EXERCISE INSTRUCTIONS — From the first line of the records down to the one that holds "Classic, Traditional Sofa", transcribe each line exactly and add nothing.

DATASET EXTRACT —
↓↓↓

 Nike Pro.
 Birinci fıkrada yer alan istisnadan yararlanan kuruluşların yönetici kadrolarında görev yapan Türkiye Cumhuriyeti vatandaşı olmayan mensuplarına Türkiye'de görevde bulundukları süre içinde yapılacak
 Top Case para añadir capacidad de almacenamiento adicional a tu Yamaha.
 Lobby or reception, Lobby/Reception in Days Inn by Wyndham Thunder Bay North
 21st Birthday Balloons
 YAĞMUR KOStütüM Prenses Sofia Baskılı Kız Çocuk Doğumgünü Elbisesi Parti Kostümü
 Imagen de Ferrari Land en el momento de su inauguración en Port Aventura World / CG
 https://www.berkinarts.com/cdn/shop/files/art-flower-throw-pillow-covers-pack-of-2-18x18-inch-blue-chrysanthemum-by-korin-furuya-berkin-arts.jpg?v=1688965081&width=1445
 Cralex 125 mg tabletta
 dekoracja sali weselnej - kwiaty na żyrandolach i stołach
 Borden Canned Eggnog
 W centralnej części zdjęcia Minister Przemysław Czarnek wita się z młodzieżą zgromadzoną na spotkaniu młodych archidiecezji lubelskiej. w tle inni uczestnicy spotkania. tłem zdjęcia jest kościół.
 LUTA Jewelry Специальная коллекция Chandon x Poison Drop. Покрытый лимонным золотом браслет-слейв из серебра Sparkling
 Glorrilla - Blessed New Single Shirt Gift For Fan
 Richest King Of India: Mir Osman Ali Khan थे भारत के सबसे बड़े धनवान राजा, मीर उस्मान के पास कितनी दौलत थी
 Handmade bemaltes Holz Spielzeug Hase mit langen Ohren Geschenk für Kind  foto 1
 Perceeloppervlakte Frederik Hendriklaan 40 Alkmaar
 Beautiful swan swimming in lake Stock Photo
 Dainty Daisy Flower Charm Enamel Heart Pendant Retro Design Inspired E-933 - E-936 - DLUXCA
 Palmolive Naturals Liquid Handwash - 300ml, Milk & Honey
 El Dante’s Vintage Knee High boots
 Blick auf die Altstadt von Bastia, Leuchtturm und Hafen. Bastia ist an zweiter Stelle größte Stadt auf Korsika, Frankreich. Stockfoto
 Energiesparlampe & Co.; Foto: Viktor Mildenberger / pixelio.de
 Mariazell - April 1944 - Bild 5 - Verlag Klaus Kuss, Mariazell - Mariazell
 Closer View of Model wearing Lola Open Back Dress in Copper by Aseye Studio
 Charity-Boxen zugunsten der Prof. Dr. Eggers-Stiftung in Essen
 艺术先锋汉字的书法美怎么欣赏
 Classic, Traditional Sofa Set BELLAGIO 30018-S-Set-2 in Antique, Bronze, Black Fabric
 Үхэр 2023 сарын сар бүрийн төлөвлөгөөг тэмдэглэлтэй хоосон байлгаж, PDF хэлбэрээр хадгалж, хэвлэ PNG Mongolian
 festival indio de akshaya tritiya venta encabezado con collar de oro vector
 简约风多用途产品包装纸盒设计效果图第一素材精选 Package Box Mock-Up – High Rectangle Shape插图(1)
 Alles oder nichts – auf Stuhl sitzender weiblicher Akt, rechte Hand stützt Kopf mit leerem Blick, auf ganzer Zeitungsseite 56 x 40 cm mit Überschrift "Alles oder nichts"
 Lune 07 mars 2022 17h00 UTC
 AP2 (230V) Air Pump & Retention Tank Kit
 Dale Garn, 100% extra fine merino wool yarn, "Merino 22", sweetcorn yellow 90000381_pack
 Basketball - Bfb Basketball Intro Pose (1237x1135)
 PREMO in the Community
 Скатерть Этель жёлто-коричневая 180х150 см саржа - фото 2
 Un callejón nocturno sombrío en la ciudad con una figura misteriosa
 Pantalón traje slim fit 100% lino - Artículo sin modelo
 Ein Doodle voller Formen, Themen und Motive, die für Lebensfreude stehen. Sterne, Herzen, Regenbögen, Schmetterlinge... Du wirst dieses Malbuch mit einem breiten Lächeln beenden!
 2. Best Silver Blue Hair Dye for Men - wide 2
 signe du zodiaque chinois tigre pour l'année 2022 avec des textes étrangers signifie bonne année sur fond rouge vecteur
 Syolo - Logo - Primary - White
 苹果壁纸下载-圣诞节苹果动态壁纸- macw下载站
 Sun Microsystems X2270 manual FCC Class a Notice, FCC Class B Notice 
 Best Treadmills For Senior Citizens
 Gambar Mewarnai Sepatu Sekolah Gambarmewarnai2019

↑↑↑

ANSWER SPACE —
 Nike Pro.
 Birinci fıkrada yer alan istisnadan yararlanan kuruluşların yönetici kadrolarında görev yapan Türkiye Cumhuriyeti vatandaşı olmayan mensuplarına Türkiye'de görevde bulundukları süre içinde yapılacak
 Top Case para añadir capacidad de almacenamiento adicional a tu Yamaha.
 Lobby or reception, Lobby/Reception in Days Inn by Wyndham Thunder Bay North
 21st Birthday Balloons
 YAĞMUR KOStütüM Prenses Sofia Baskılı Kız Çocuk Doğumgünü Elbisesi Parti Kostümü
 Imagen de Ferrari Land en el momento de su inauguración en Port Aventura World / CG
 https://www.berkinarts.com/cdn/shop/files/art-flower-throw-pillow-covers-pack-of-2-18x18-inch-blue-chrysanthemum-by-korin-furuya-berkin-arts.jpg?v=1688965081&width=1445
 Cralex 125 mg tabletta
 dekoracja sali weselnej - kwiaty na żyrandolach i stołach
 Borden Canned Eggnog
 W centralnej części zdjęcia Minister Przemysław Czarnek wita się z młodzieżą zgromadzoną na spotkaniu młodych archidiecezji lubelskiej. w tle inni uczestnicy spotkania. tłem zdjęcia jest kościół.
 LUTA Jewelry Специальная коллекция Chandon x Poison Drop. Покрытый лимонным золотом браслет-слейв из серебра Sparkling
 Glorrilla - Blessed New Single Shirt Gift For Fan
 Richest King Of India: Mir Osman Ali Khan थे भारत के सबसे बड़े धनवान राजा, मीर उस्मान के पास कितनी दौलत थी
 Handmade bemaltes Holz Spielzeug Hase mit langen Ohren Geschenk für Kind  foto 1
 Perceeloppervlakte Frederik Hendriklaan 40 Alkmaar
 Beautiful swan swimming in lake Stock Photo
 Dainty Daisy Flower Charm Enamel Heart Pendant Retro Design Inspired E-933 - E-936 - DLUXCA
 Palmolive Naturals Liquid Handwash - 300ml, Milk & Honey
 El Dante’s Vintage Knee High boots
 Blick auf die Altstadt von Bastia, Leuchtturm und Hafen. Bastia ist an zweiter Stelle größte Stadt auf Korsika, Frankreich. Stockfoto
 Energiesparlampe & Co.; Foto: Viktor Mildenberger / pixelio.de
 Mariazell - April 1944 - Bild 5 - Verlag Klaus Kuss, Mariazell - Mariazell
 Closer View of Model wearing Lola Open Back Dress in Copper by Aseye Studio
 Charity-Boxen zugunsten der Prof. Dr. Eggers-Stiftung in Essen
 艺术先锋汉字的书法美怎么欣赏
 Classic, Traditional Sofa Set BELLAGIO 30018-S-Set-2 in Antique, Bronze, Black Fabric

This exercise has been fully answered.